The question of a “fossil-free welfare state”, claimed by the Swedish government as a new public policy objective in line with the decarbonization objectives of society of the Paris Agreement, offers a sharp and meaningful angle to understand (and hopefully, act upon) the multifaceted social aspects of the ecological transition. But this noble and ambitious policy objective requires, first and foremost, that we pay due attention to the historical entanglement of democracy and welfare-state, which had profound political consequences, and social meaning, and still explain, to date, the stubborn dilemmas of green policy in Western, industrialized democracies. 

By focusing on the social meanings and contexts of what exactly is to be de-carbonized, we hope to offer a more actionable /relatable perspective, and a better democratic plot for action in favor of the ecological transition than the, sometimes towering, injunctions of sustainability studies to address the numerous, multifaceted challenges of the transition. They sometimes sound like Lampedusa’s famous -and disheartening- dictum: “Everything must change so that everything can stay the same”, describing the decadence and inertia power of Sicilian aristocracy in The Leopard.

Contrary to a whole range of “post-political” climate action projects, the perspective offered here brings politics back-in, and more specifically, draws attention to various forms of “carbo-populism” present across the spectrum, in Western, industrialized democracies. While they certainly are unpalatable and dangerous for the planet, their specific handling needs more subtlety than the liberal anathema against “populism”, which has become fashionable of late. Subtlety precisely requires meanings and contexts, sociological analysis of actors’ representation and political imaginaries, which, it is argued, are better addressed though democratic governance than any other, despite renewed temptations of green authoritarianism.

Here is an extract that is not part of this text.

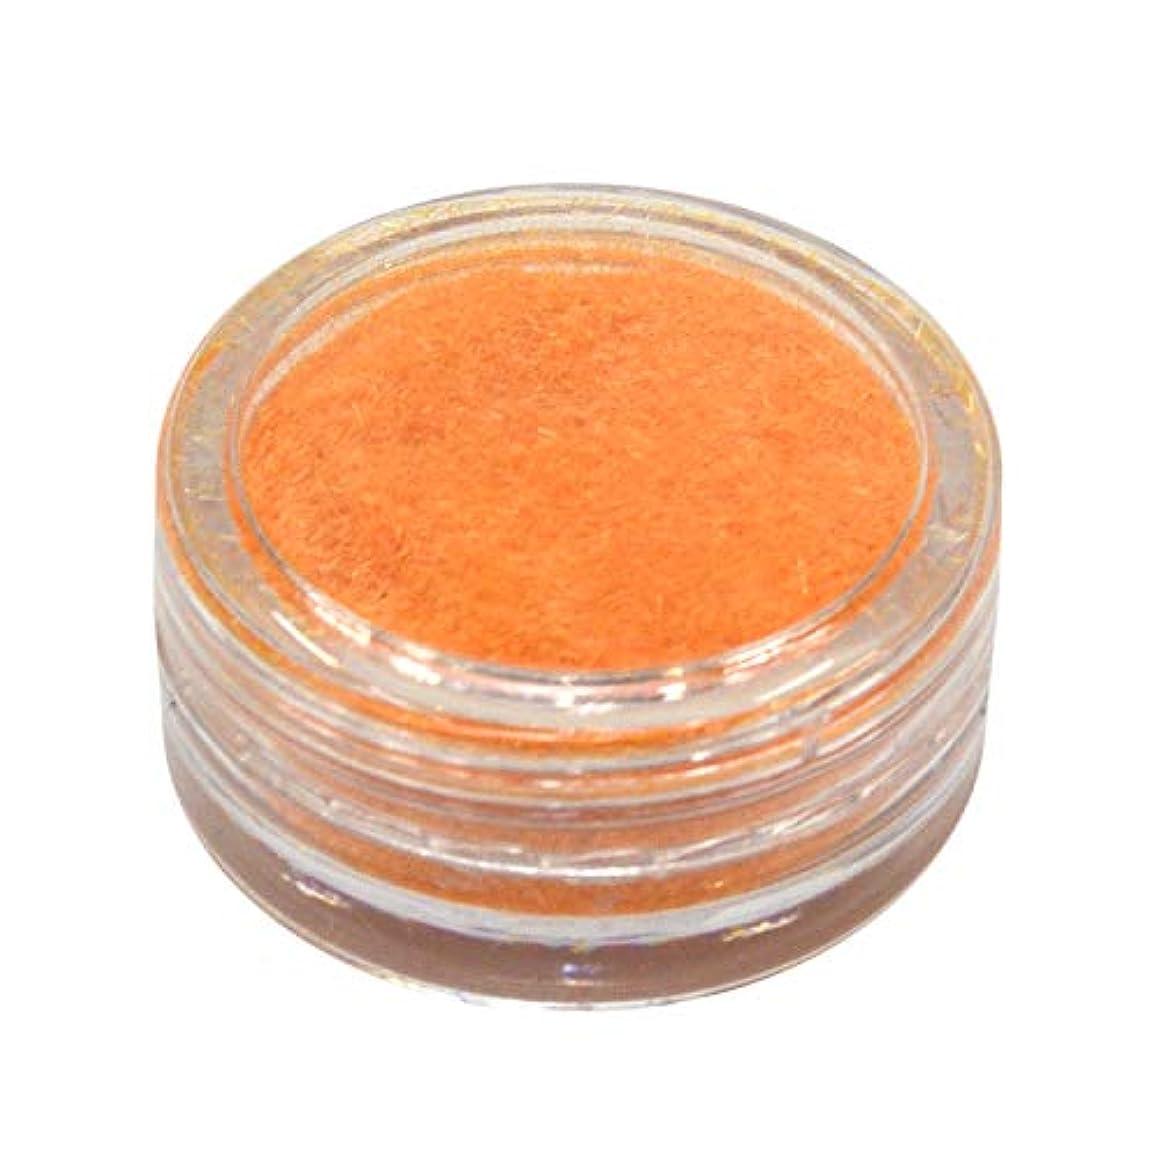 メルボルン干ばつ二層ネルパラ ベルベットパウダー #30 オレンジ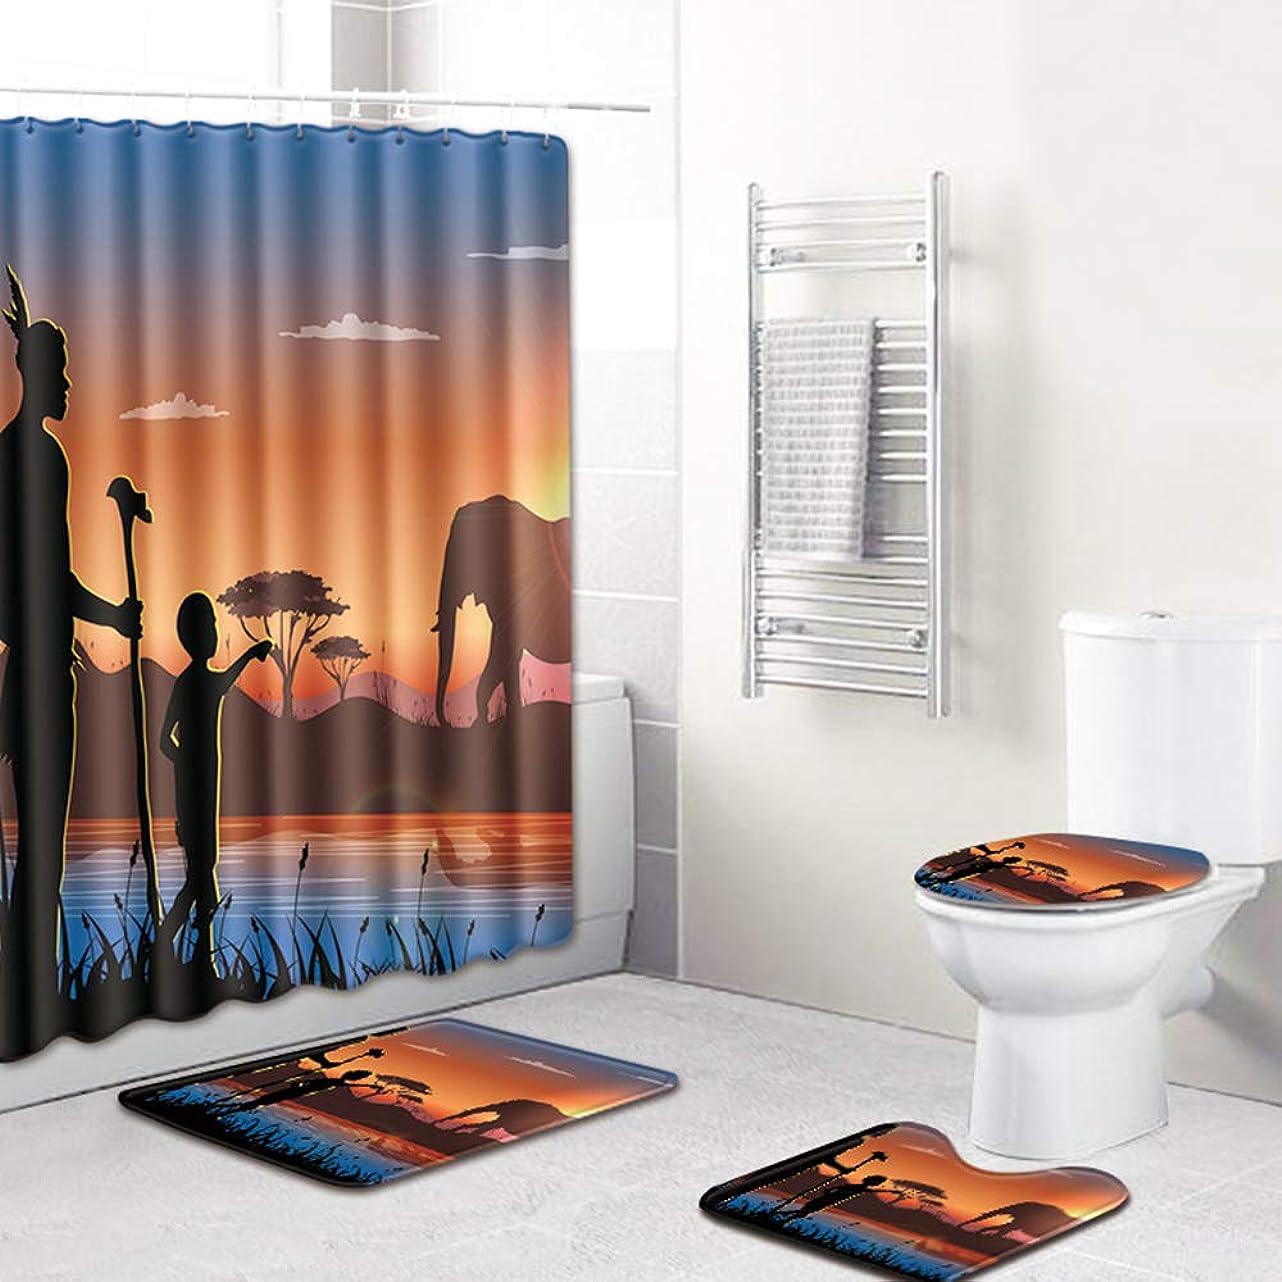 規則性のど宝4ピースアフリカスタイルの風景ポリエステルシャワーカーテンセット非スリップラグカーペット用浴室トイレフランネル風呂マットセット (A1)

Admittedly, the normative assumption that climate IS compatible with democracy requires a few adjustments in democratic governance, which theorists of green democracy are happy to discuss.

This conversation is of particular importance and consequence for progressives, who are still caught in the carbonic predicaments of social democracy, lacking the intellectual tools of their political transition, and, while praising social progress, appear either as futile idealists or conservatives captive of an old and deadly world-order.

 

Muriel Rouyer is Professor of Political Science. After 10 years spent in the US teaching at Harvard Kennedy School of Government on Europe and Green Politics and Public Policy, she is back at the Law Faculty in Nantes University, where she is affiliated at the CNRS research unit UMR 6297 Droit et Changement Social. Political theorist by training, she has also become a public policy analyst by practice and is interested in the transformations of democracy in post-war Europe, European democracy and cosmopolitanism, transnational mobilizations, and, more recently, the greening and internationalization of democracy.

Administratively, she is in charge of the “Parcours Europe” undergraduate cursus. She teaches Political Science courses (European politics and policies, International Relations, Political Philosophy, Green politics and policy) at the Master degree Political Science of Europe.